I wrote to you a few weeks ago about my mother’s Christmas letter. Remember me? You called me boring and inadvertently sent your advice to a coworker who has the same first and last name, only in reverse. Well, I guess I should start out by apologizing. I was pretty upset when I got your letter. You basically told me to get a life and sent the response to an annoying coworker, who happily forwarded it to me…along with his own two cents. Anyway, I was upset and wrote you back a pretty harsh letter. And for that, I’m sorry.

While your advice was tough to hear, over the last week I realized you were right. I guess perhaps it took a few days of actually having a life to make me realize that I hadn’t been living. Which brings me to why I’m writing today. The annoying guy you sent my letter to? Well, he wound up being not so annoying. In fact, it turns out he’s pretty incredible. We spent a few amazing days together, and things were going great. Until they weren’t. And now I’m not sure how to handle it.

I really like him and want to explore what we seemed to have. At times, I was sure he felt the same way. But then, just when things started to progress, he pulled away. You see, someone hurt him pretty badly. So my conundrum is, I’m not sure if he’s just afraid of getting his heart broken again, or if maybe he actually didn’t like me the way I thought he did.
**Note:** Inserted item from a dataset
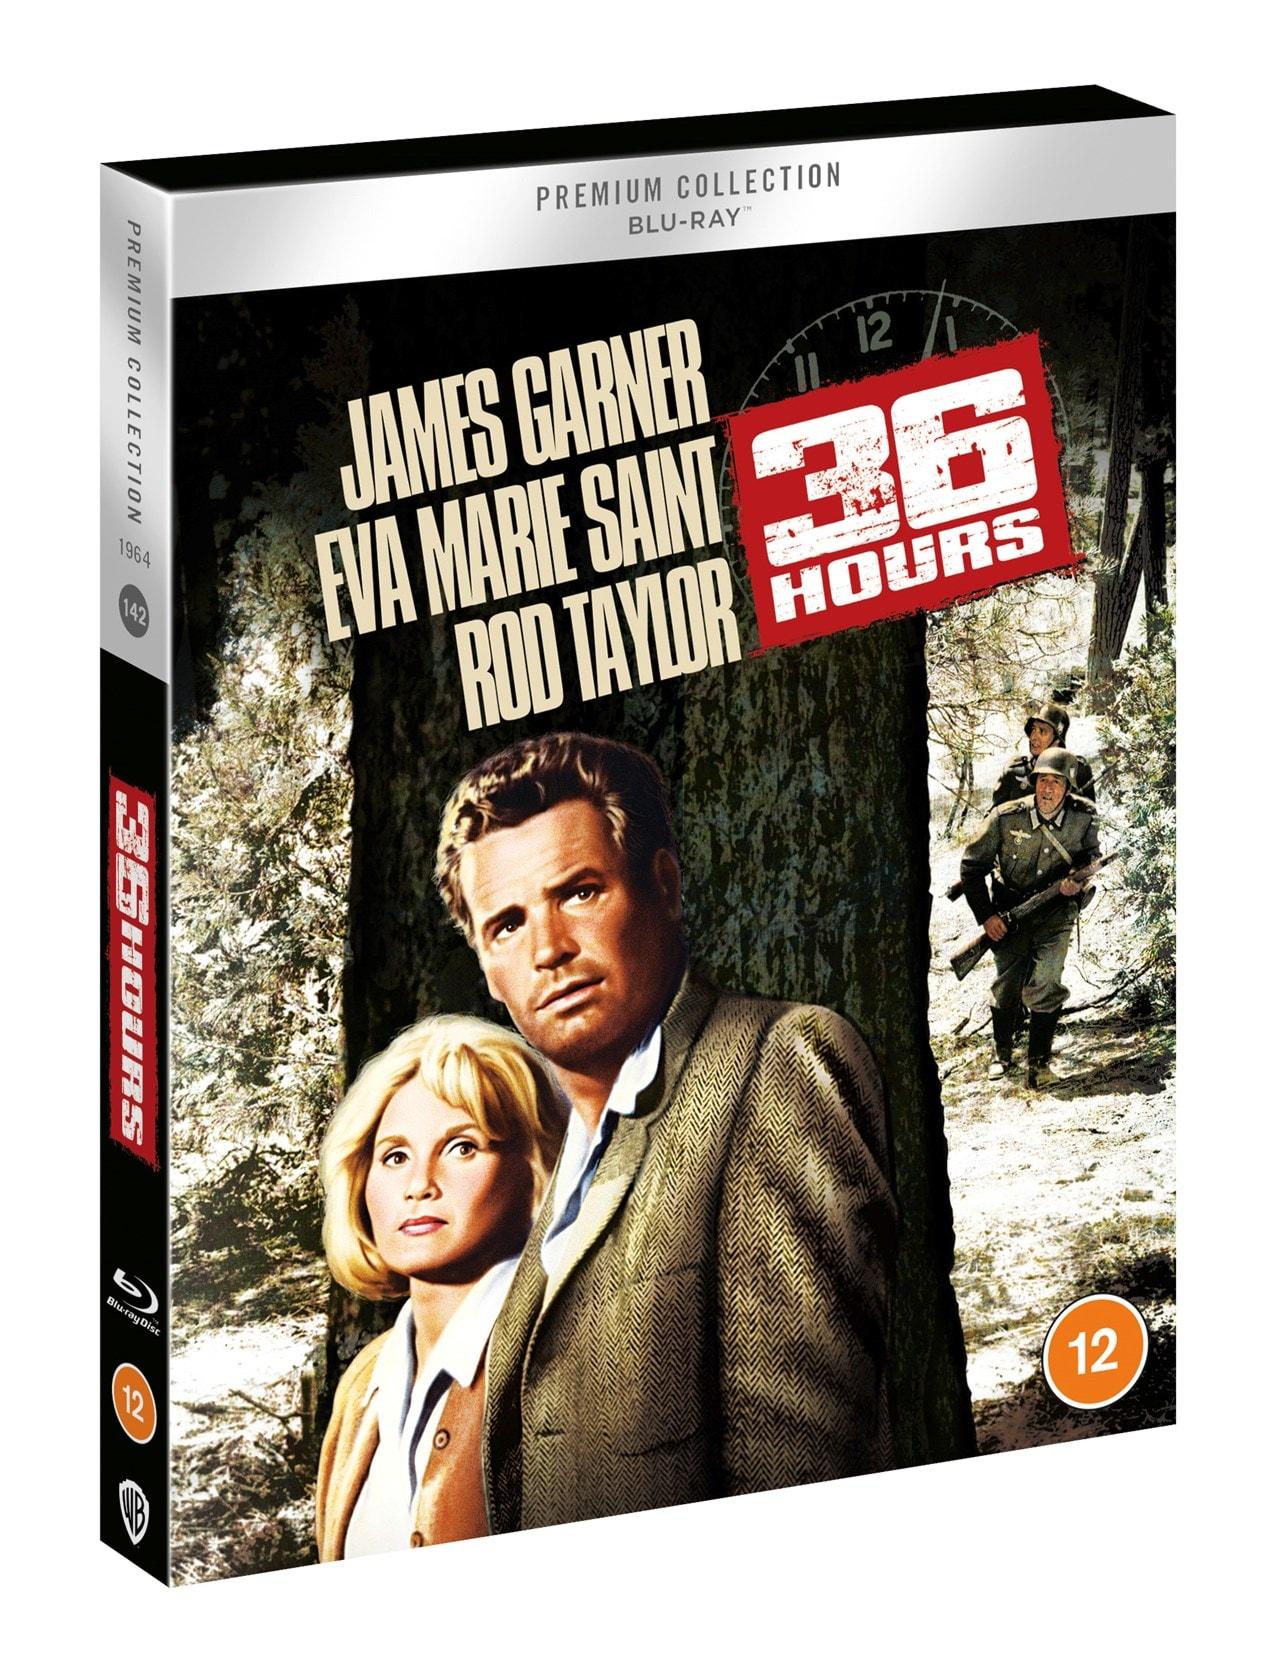 36 Hours (hmv Exclusive) - The Premium Collection - 2

I’ll tell you a little secret, Soraya…I’m a little old-fashioned. I guess, deep down, I still expect Prince Charming to ride up on his white horse and whisk me away like some dumb damsel in distress. Which is probably why I’m a little afraid to go after the first man to make my heart go pitter patter in years. So I need you to tell me the truth here…should I take a chance and ask him out, or do I move on because he’s really just not that into me after all?